United States District Court, D. New Jersey
Apr 19, 2007
Civil No. 07-948 (SDW) (D.N.J. Apr. 19, 2007)

Opinion

Civil No. 07-948 (SDW).

April 19, 2007

THOMAS MEROLA, Petitioner Pro Se, #76925/765890A, Northern State Prison, Newark, New Jersey.


OPINION


This matter is before the Court on petitioner THOMAS MEROLA's (hereinafter "Petitioner") application for habeas corpus relief under 28 U.S.C. § 2254 (hereinafter "Petition"). For the reasons stated below, the petition for habeas relief will be denied for failure to make a showing of a federal deprivation.

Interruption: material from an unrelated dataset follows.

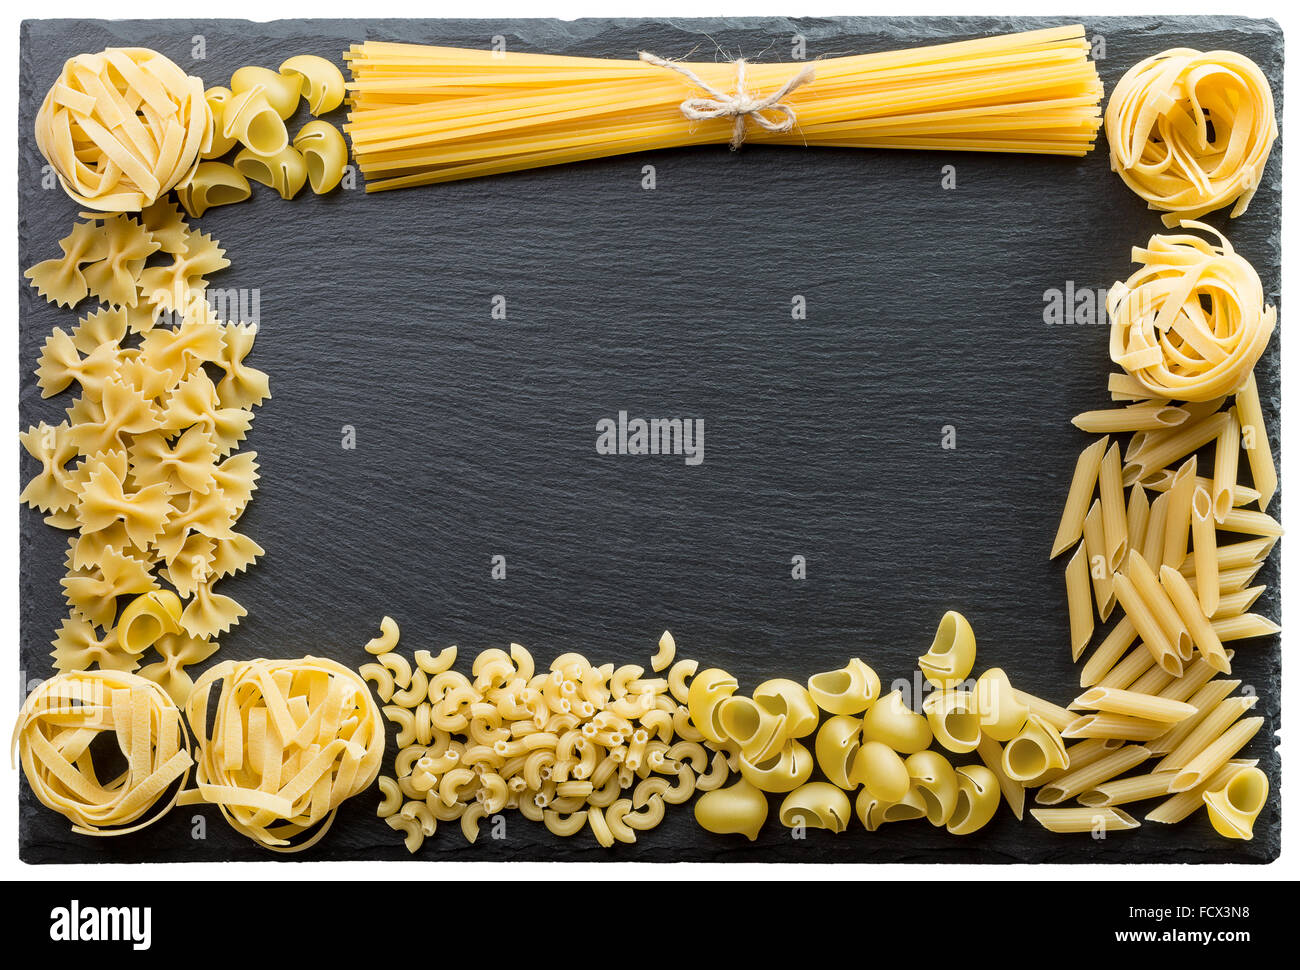 Pasta-Rahmen auf dem Schiefer Stand. Stockfoto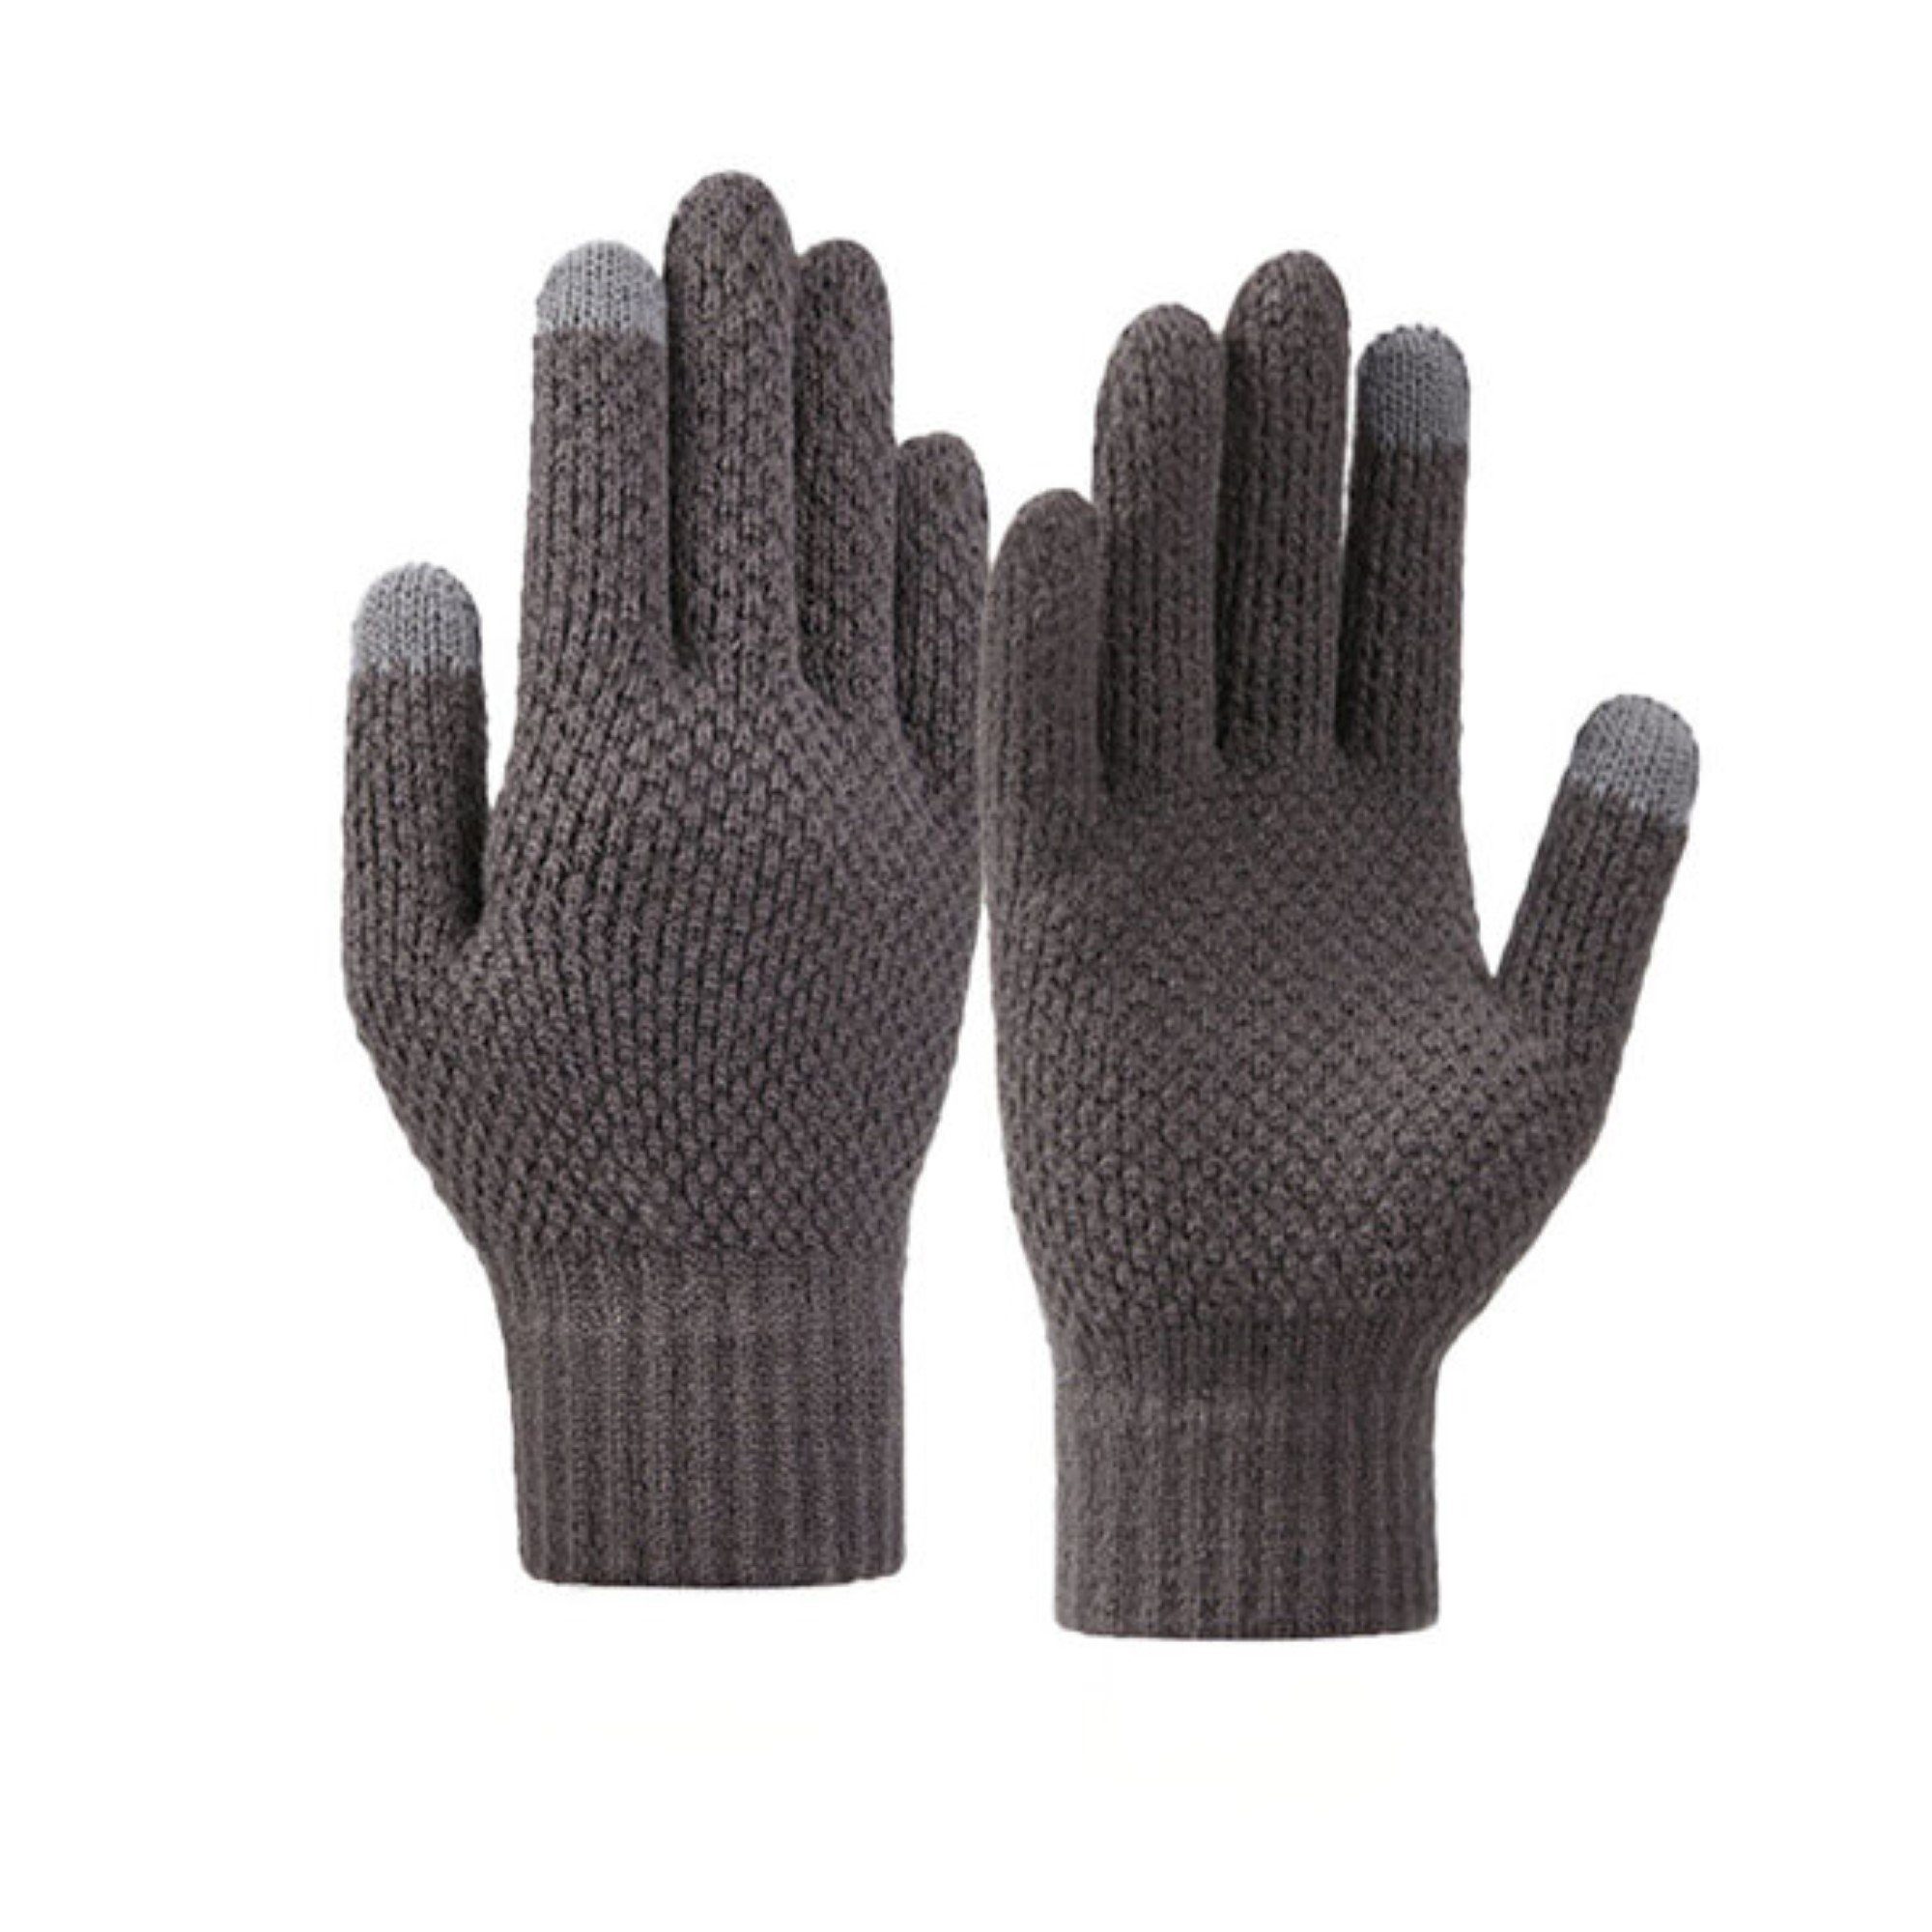 COFI 1453 Fäustlinge Winterliche geflochtene Handyhandschuhe Handwärmer Grau

This matter comes before the Court on the Order issued by the United States Court of Appeals for the Third Circuit (1) denying Petitioner leave to file a successive § 2254 petition on the ground that the instant application is not a second or successive petition; and (2) transferring Petitioner's application to this Court to be treated as a § 2254 petition. See Merola v. Sherrer, 07-948 (SDW), Docket Entry No. 2.

Petitioner, currently in custody at the Northern State Prison in Newark, New Jersey, pursuant to a state court judgment of conviction, began serving his thirty-year sentence in September of 1984. See Merola v. Sherrer, 07-948 (SDW), Docket Entry No. 2-4, at 2 (reproducing Merola v. Beyer, 90-971 (JWB) (hereinafter "Merola, D.N.J.", at 2 (D.N.J. June 29, 1990) (J.W. Bissel, C.J.)).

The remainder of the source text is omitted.